◆ Task to complete: What you return should be only the lines in the entries below between the one holding "La révolution du gobelet : G20002" and the one holding "LUCAS ハーブ除菌スプレー(除菌率99.9%)", ends included, with every picture left out.

◆ Data to process:

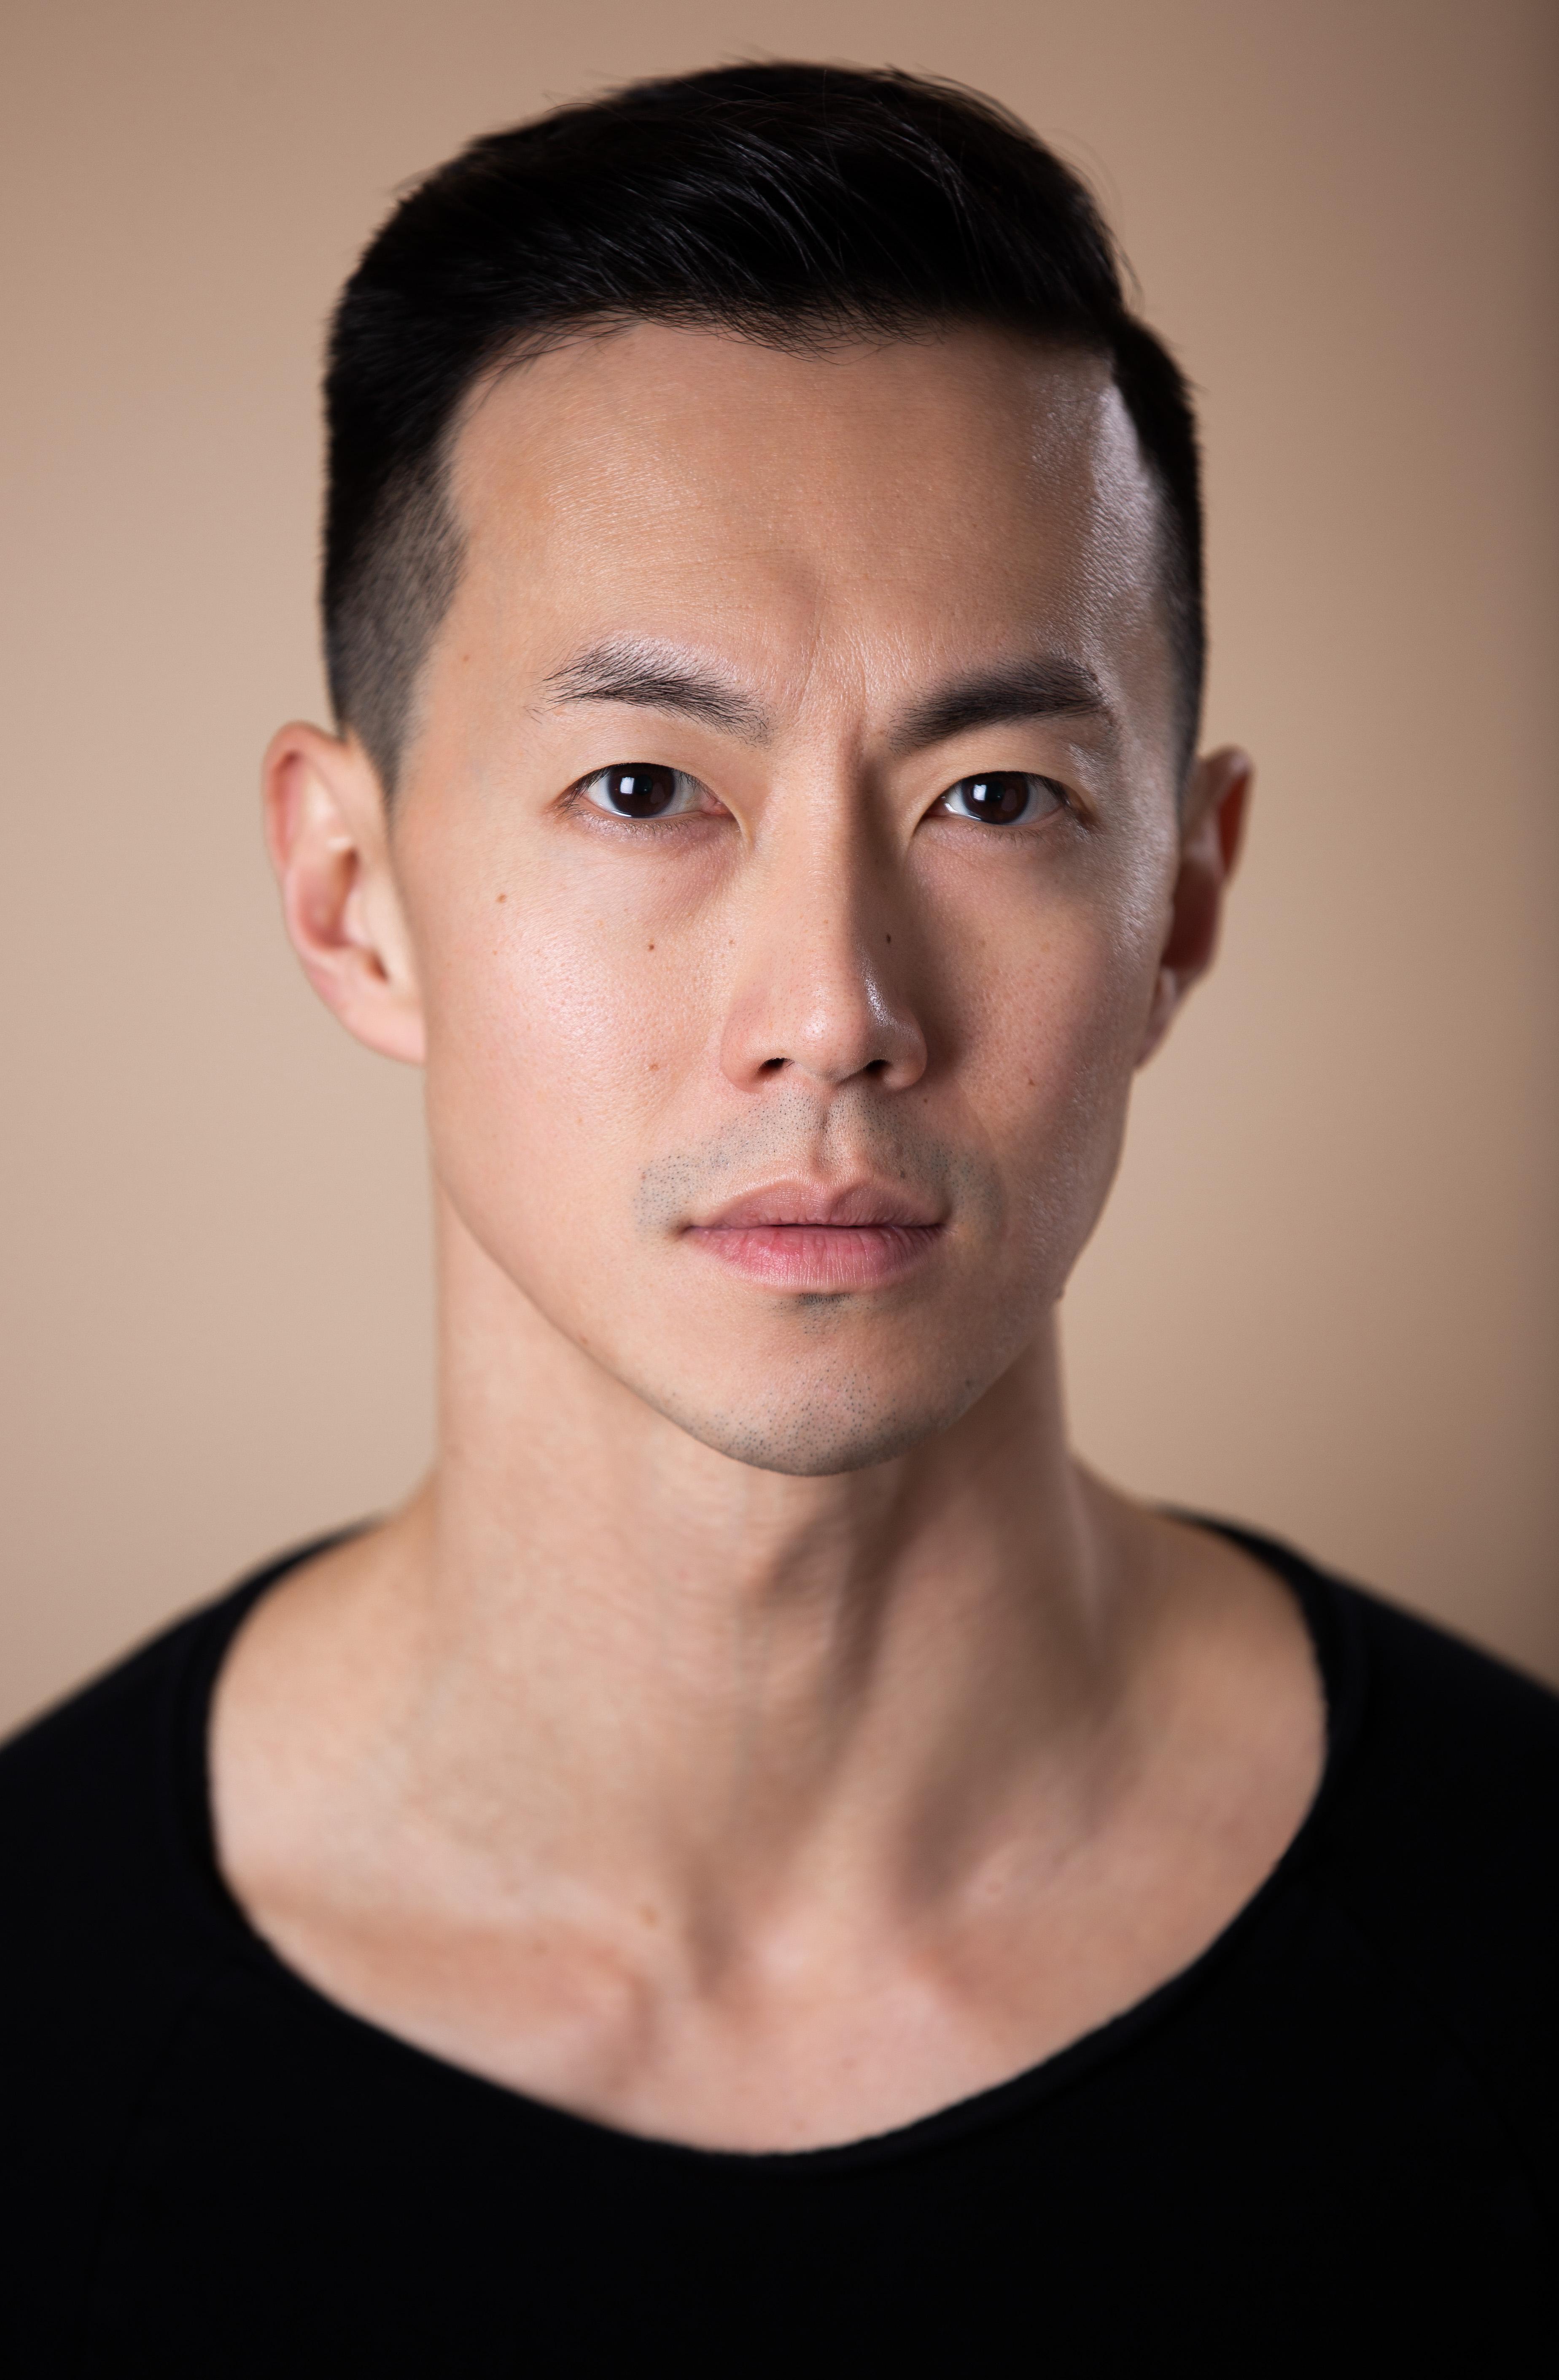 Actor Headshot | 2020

---

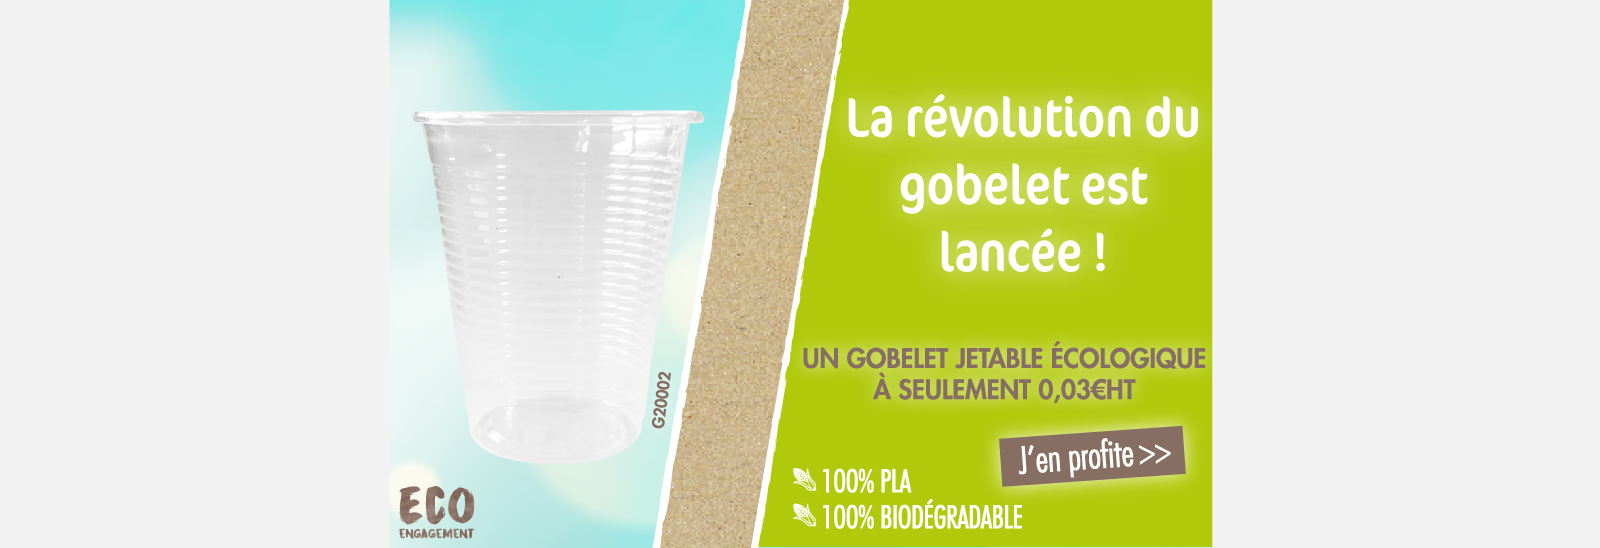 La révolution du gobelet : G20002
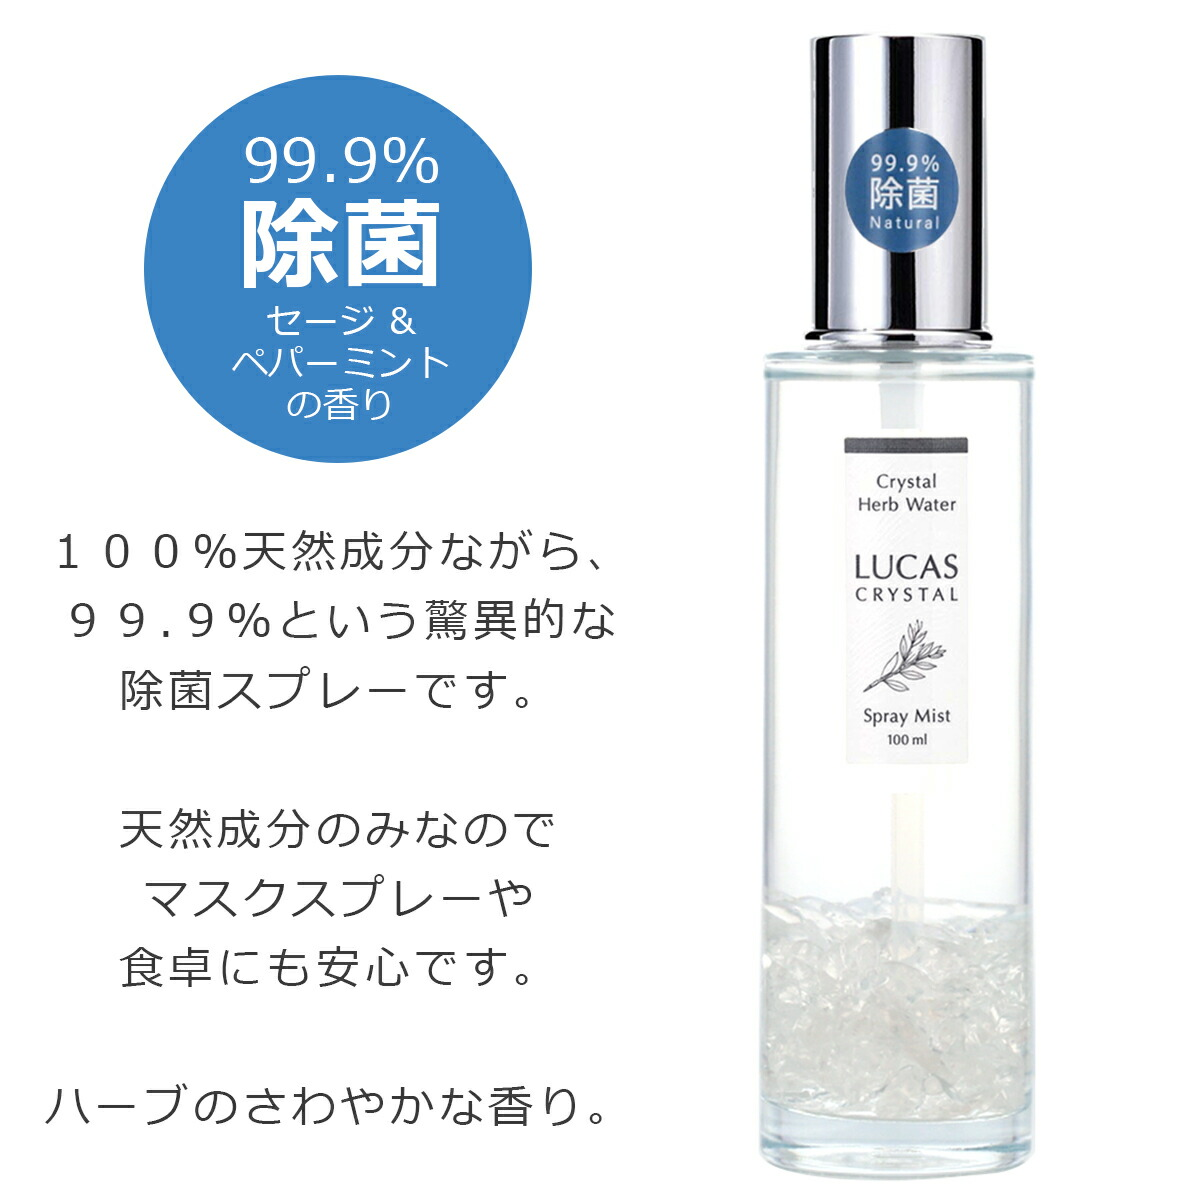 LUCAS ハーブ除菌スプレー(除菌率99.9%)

◆ Answer for this exercise:
 La révolution du gobelet : G20002
 LUCAS ハーブ除菌スプレー(除菌率99.9%)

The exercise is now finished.